**Exercise requirements**
Every line below is to be given again precisely; images are to be left out.

**Provided data**
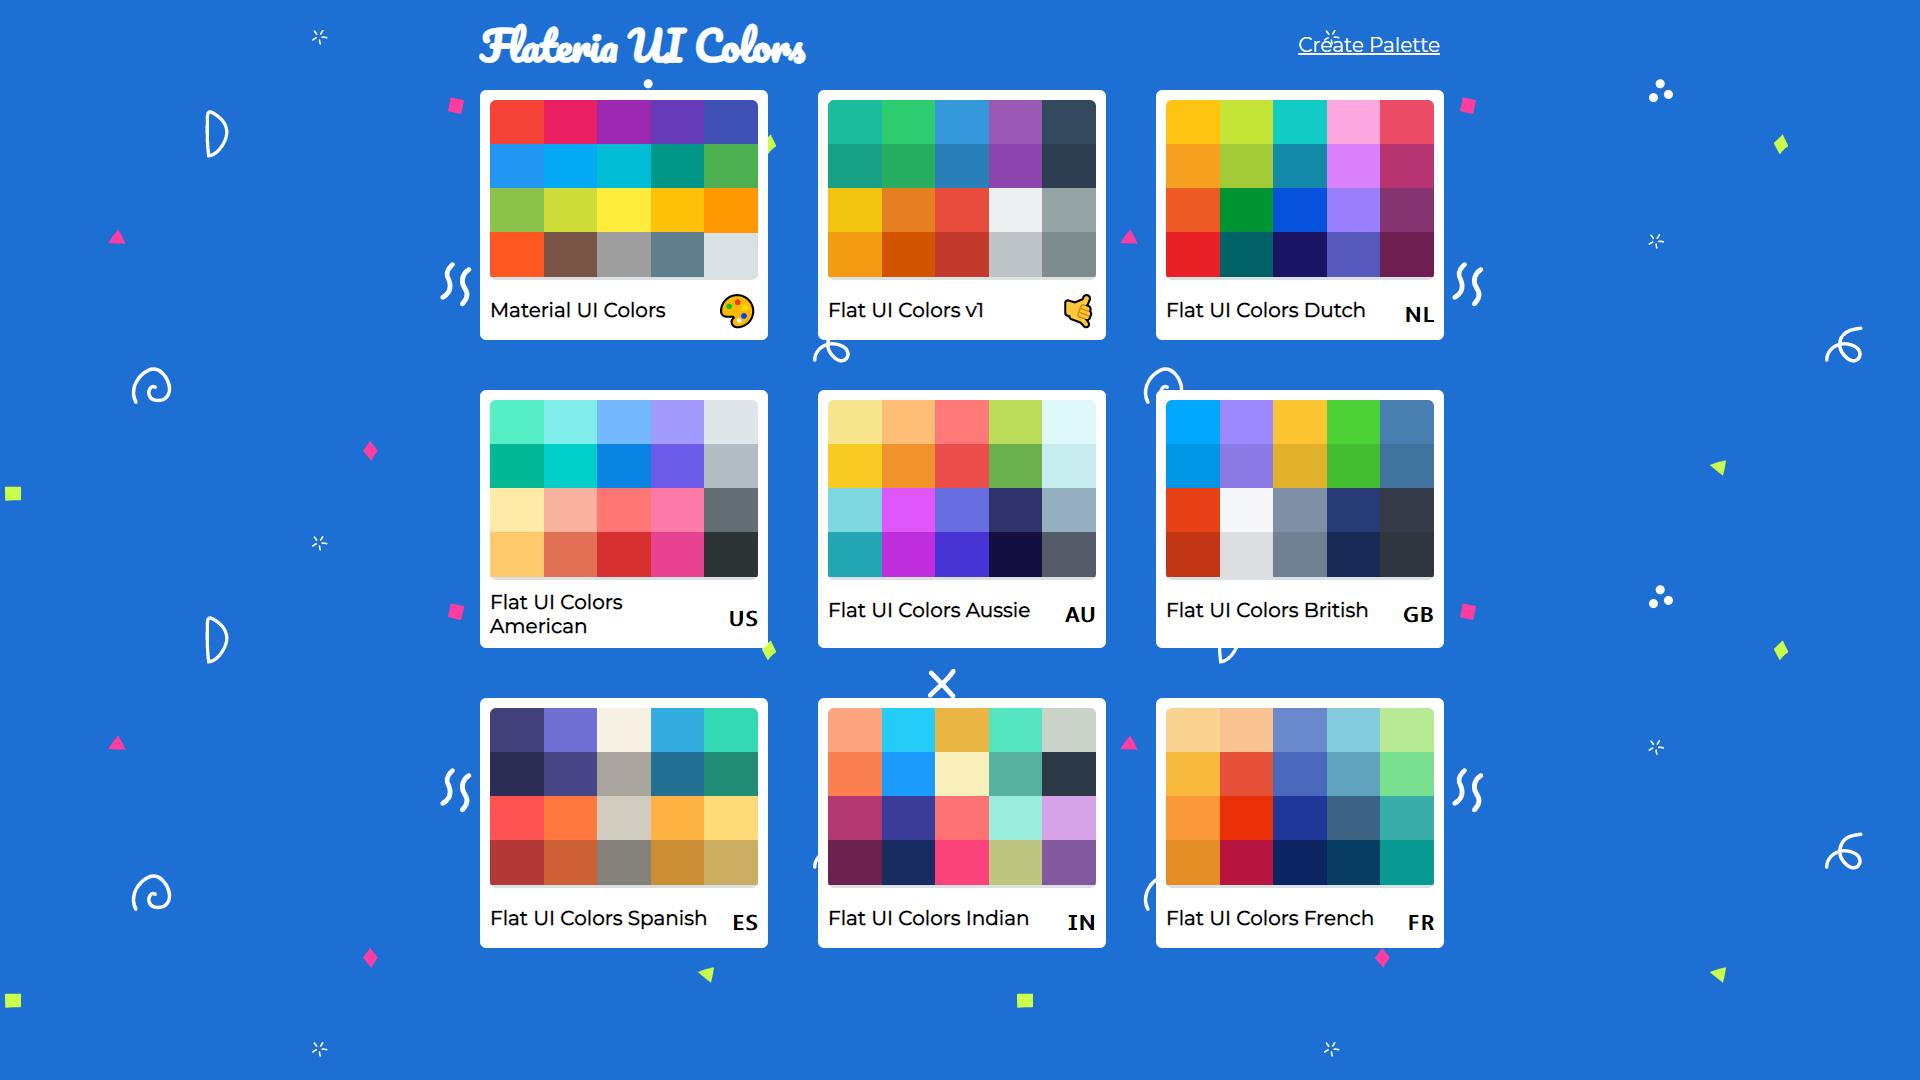 My Personal Project, This app let you create your own color palette
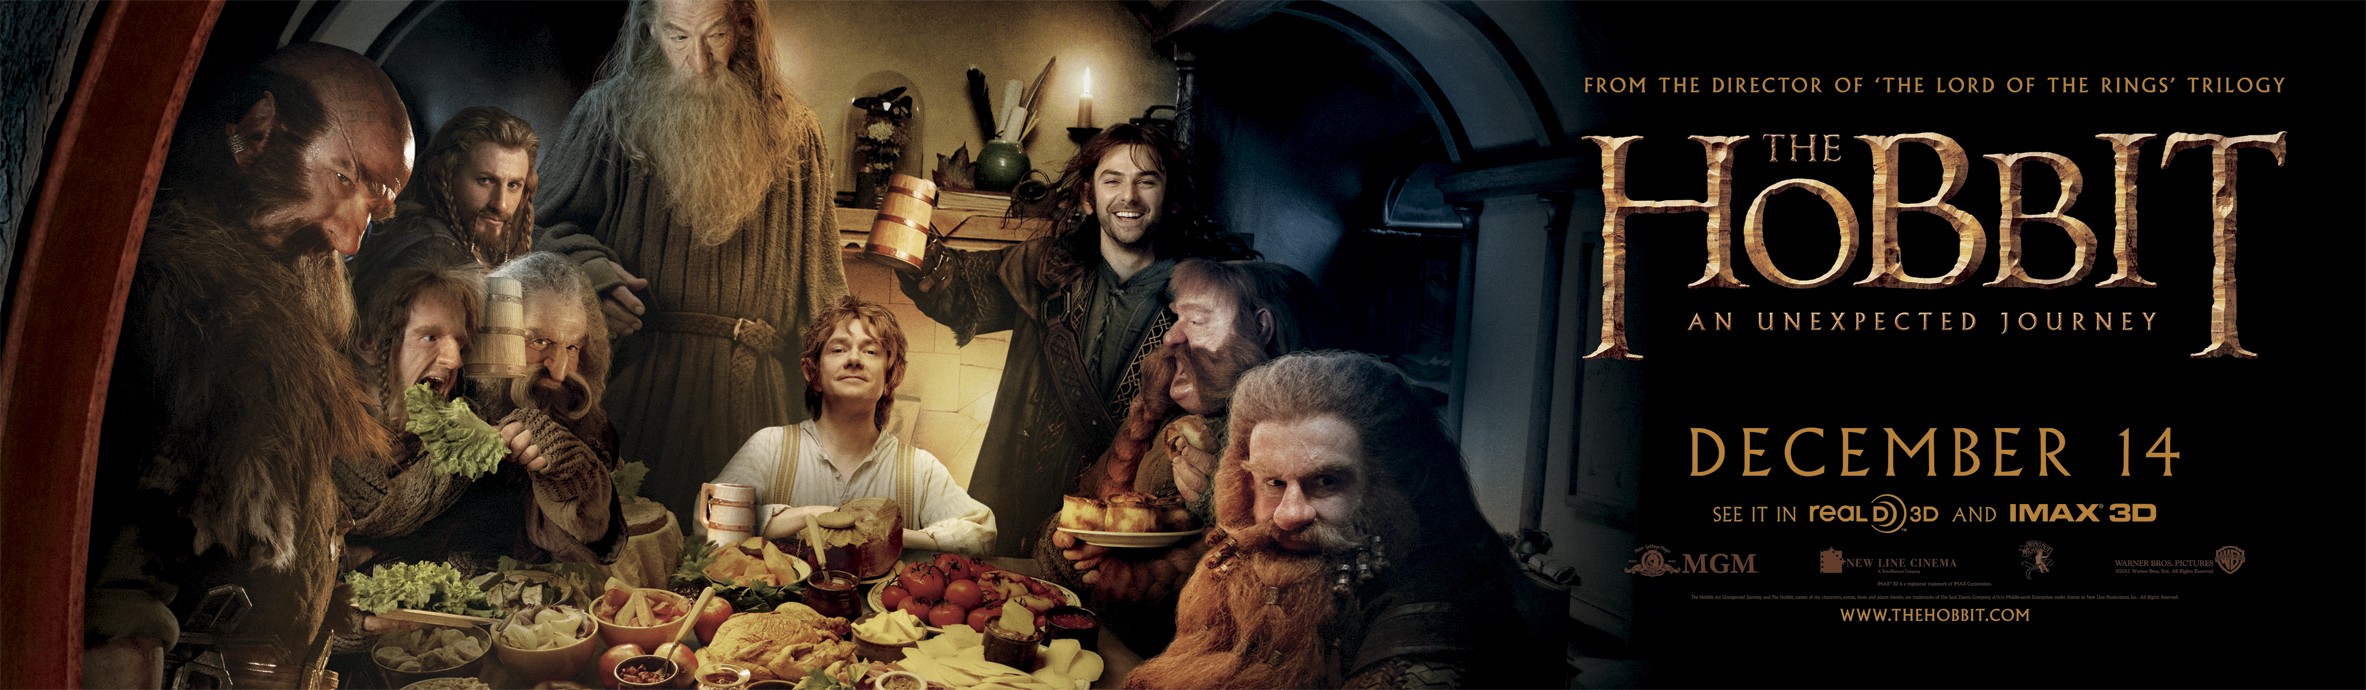 Mega Sized Movie Poster Image for The Hobbit: An Unexpected Journey (#9 of 39)
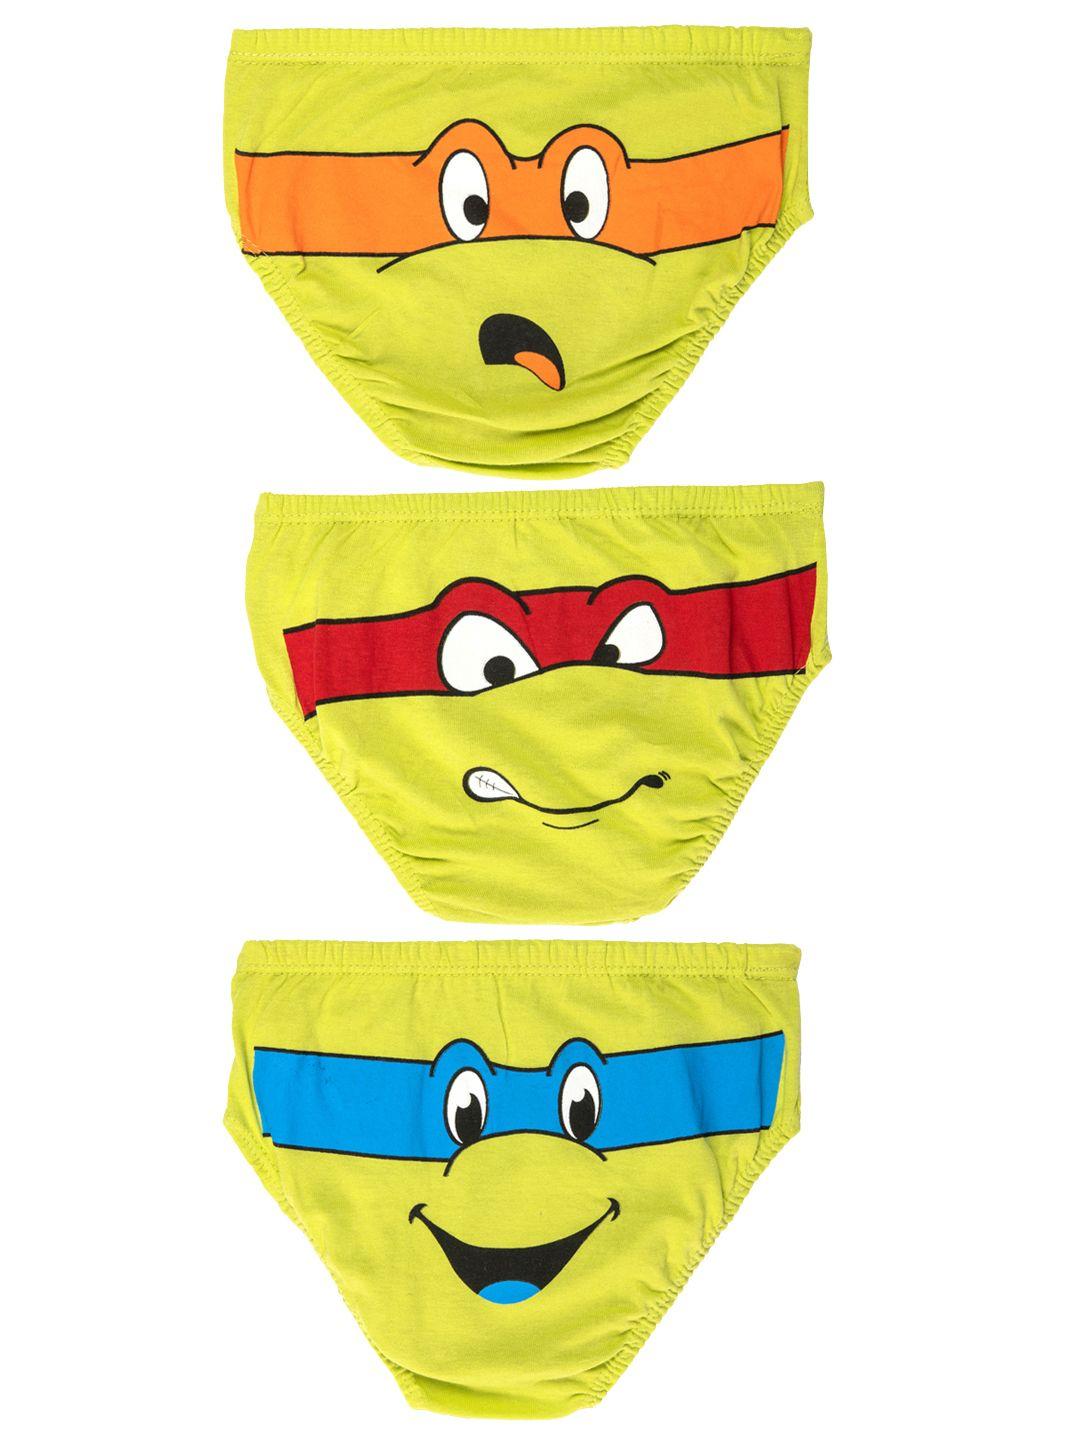 you-got-plan-b-boys-pack-of-3-yellow-briefs-time-to-turtle-ub-turtletime:-8-10

**Answer box**
 My Personal Project, This app let you create your own color palette
 Mega Sized Movie Poster Image for The Hobbit: An Unexpected Journey (#9 of 39)
 you-got-plan-b-boys-pack-of-3-yellow-briefs-time-to-turtle-ub-turtletime:-8-10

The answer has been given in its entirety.